Никакой видимой угрозы Аляске не было. Но оставалась угроза потенциальная. И все, кто это хорошо понимал, приходят наконец к согласию: «надо продать». Побеждает точка зрения Константина: продать «заблаговременно и дружелюбно», иначе вопрос разрешится завоеванием.
Посвященные в эту проблему тщательно взвешивали все факторы, толкавшие к нелегкому решению.
Что же учитывалось? Первое — состояние колонии. За 125 лет с года открытия Америки с запада огромная территория была практически не освоена. Очень редкие населенные пункты, фактории и зверобойные базы располагались только по побережью и в нескольких точках по течению Юкона. Проникновение внутрь континента, во избежание стычек с индейцами, колонистам было запрещено. Общая численность русского населения здесь колебалась от шестисот до восьмисот человек. Экономическое положение территории было непрочным и ухудшалось. Сливки доступных в то время богатств были тут уже сняты. Пушной промысел продолжал оставаться экономической базой колонии, но каланы с их драгоценным мехом были почти полностью перебиты. Число котиков, правда, исчислялось еще миллионами, но их шкуры в то время высоко не ценились, а норок, лис и бобров надо было скупать у индейцев, промышлявших на суше.

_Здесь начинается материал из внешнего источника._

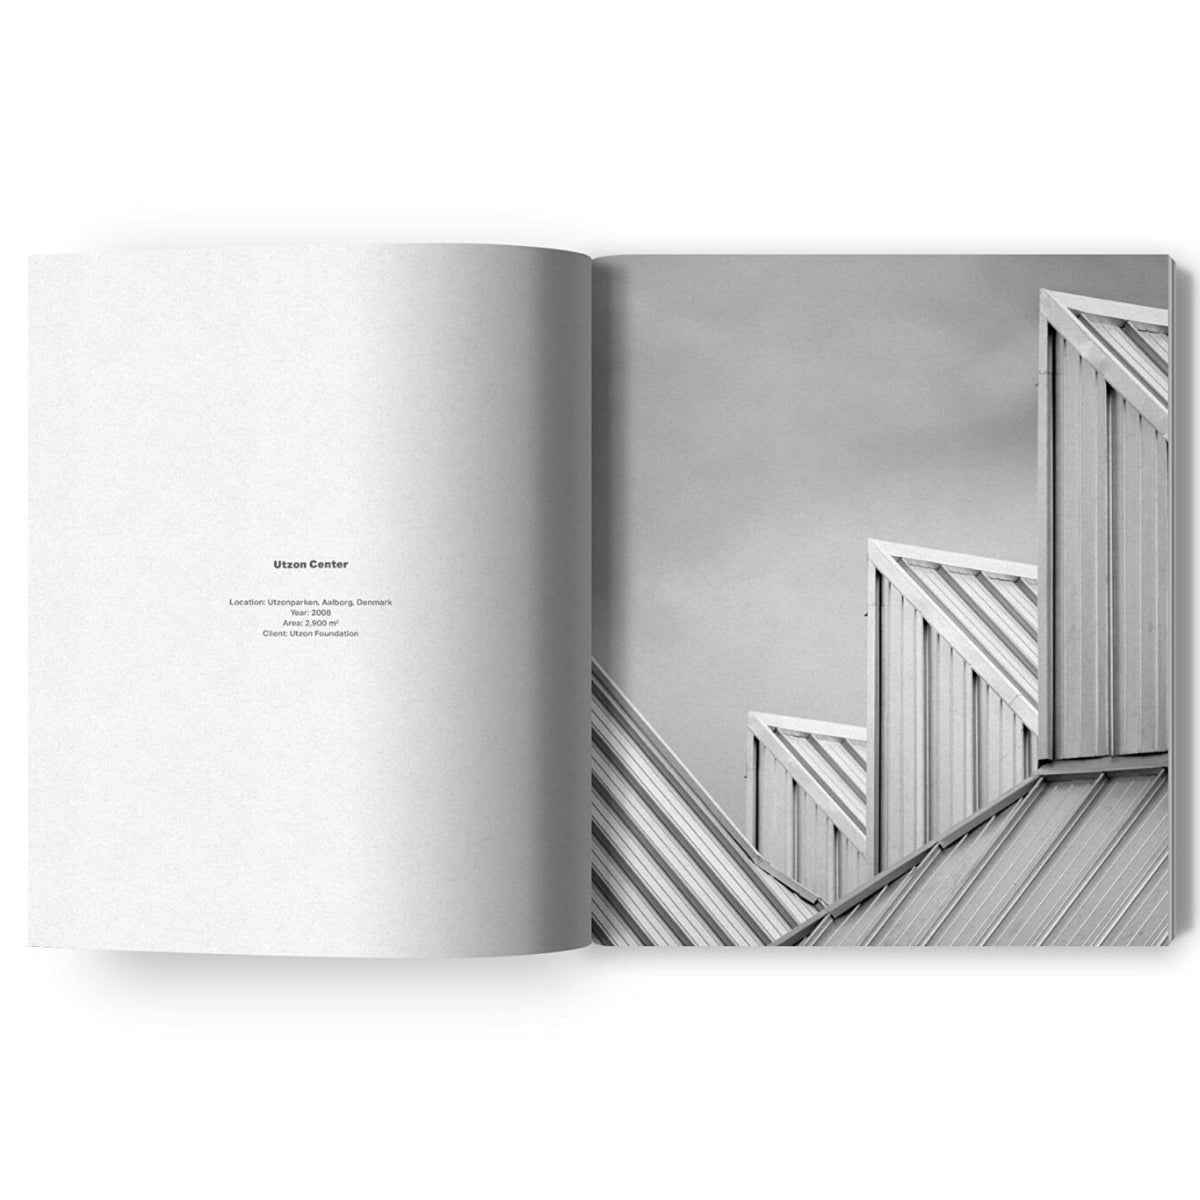 New Mags | Joy - Kim Utzon Architect - Bolighuset Werenberg

Чтобы как-то устоять на ногах, акционерная компания, монопольно выполнявшая роль «эконома», администратора и стража Русской Америки, была вынуждена продавать уголь, рыбу и аляскинский лед (покупателем был Сан-Франциско, холодильников тогда еще не было). Концы с концами у компании перестали сходиться. На содержание территории нужны были государственные дотации.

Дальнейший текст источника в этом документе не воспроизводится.